LIZZY IS TRAPPED IN A NEGATIVE BODY IMAGE
Lizzy is on a diet to lose 70 pounds. She has lost 20 pounds already but as soon as she started feeling good about it, she started to regress. Binge eating crept up and now she has gained 5 pounds back. Is this going to be another yo-yo diet? She feels stuck.
Lizzy is hoping that her cousin's wedding, four months from now, is still going to happen. She is determined to look good. The wedding has already been postponed twice because of covid. Lizzy gained several pounds during covid but she sees the wedding as motivation to lose some pounds and now she has time to do it.
Lizzy has dieted before but eventually ended up gaining all the weight back plus some additional pounds. Covid has been the worst time for binge eaters. Her biggest enemy? Lizzy has a negative body image. Her dislike of her own body has been eating her up for a long time.
Lizzy is beautiful but compliments are "people just being polite", she doesn't really believe them! She avoids looking at herself in the mirror because it could make her feel depressed all day. "We are very close with my cousin and I was so happy when she asked me to be her maid of honor. I will look so huge in pictures next to her. She is skinny and tall and gorgeous".
Lizzy's body image was shaped when she was a little girl. She was shamed for how she looked. Her older sister and her mother would make little comments about her body as early as she can remember. She felt tormented because she didn't know what she was doing wrong. She remembers them whispering about her "porking out" when cleaning the dinner table.

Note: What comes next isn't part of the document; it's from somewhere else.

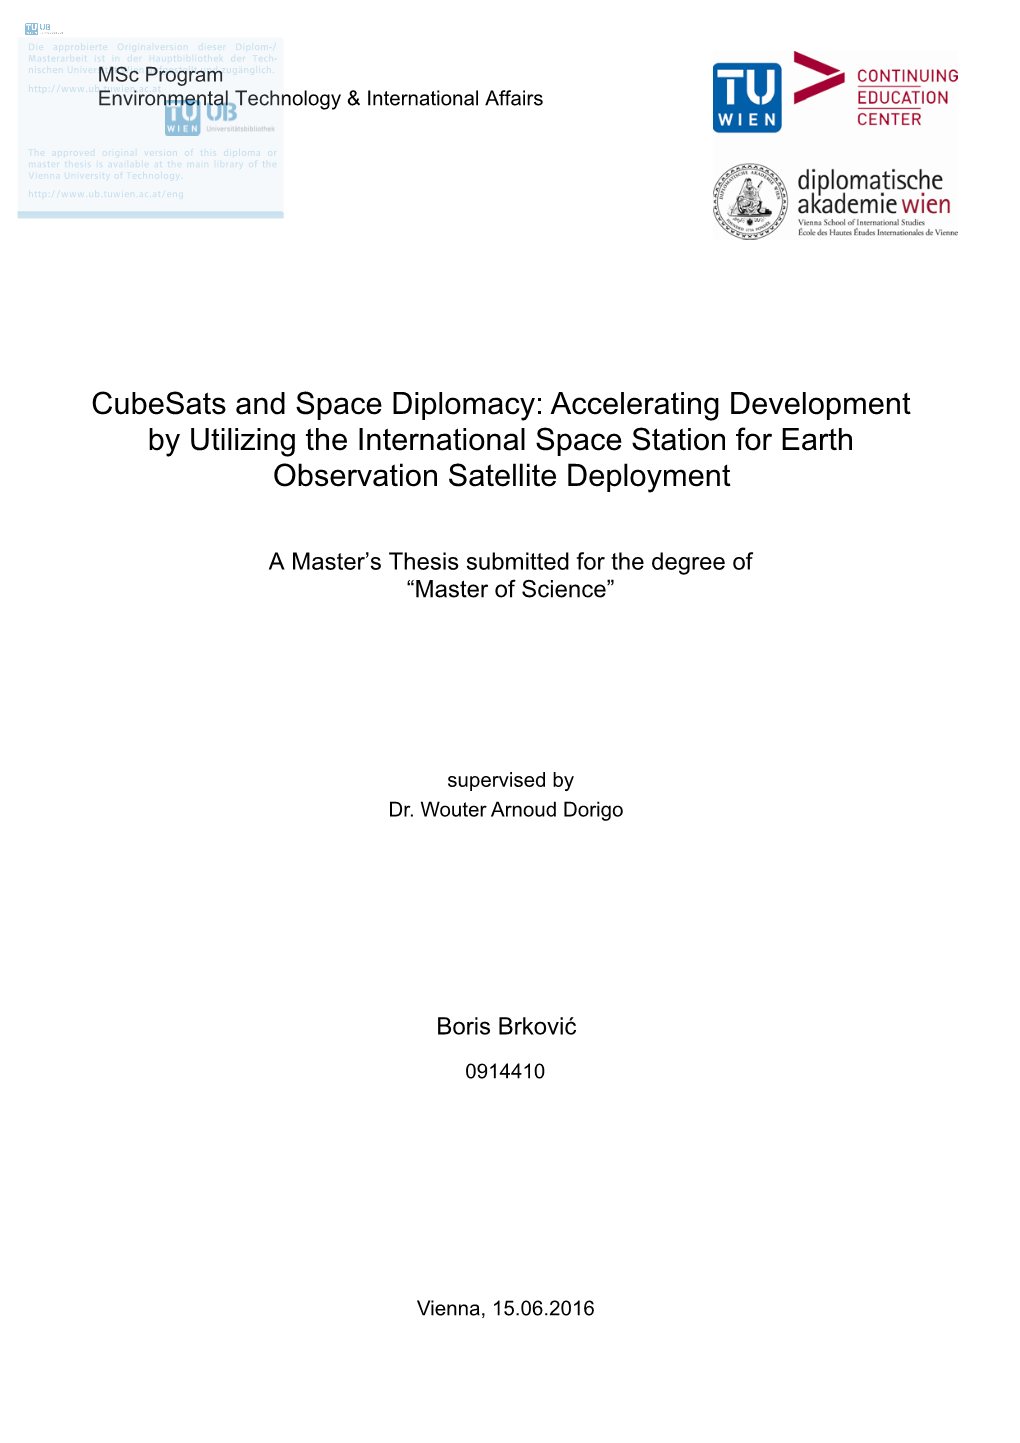 Cubesats and Space Diplomacy: Accelerating Development

Her mother would use smaller plates for her or put a lot of salad on her plate and in middle school she wanted her to do a liquid diet. It made her find ways to sneak crackers and candy into her backpack to avoid starving all day. At school, her sister and her friends would call her "L-fatso".
"When I was older I confronted my sister but she insisted that calling me fatso was cute" or "she would accuse me because somehow I deserved it anyway". It really made me hate myself, my body." At work, I always cover my body up as much as possible. I like to daydream about having a different body and imagine how different my life would be. People would really love me if I was skinny.
Lizzy feels trapped in a negative body image.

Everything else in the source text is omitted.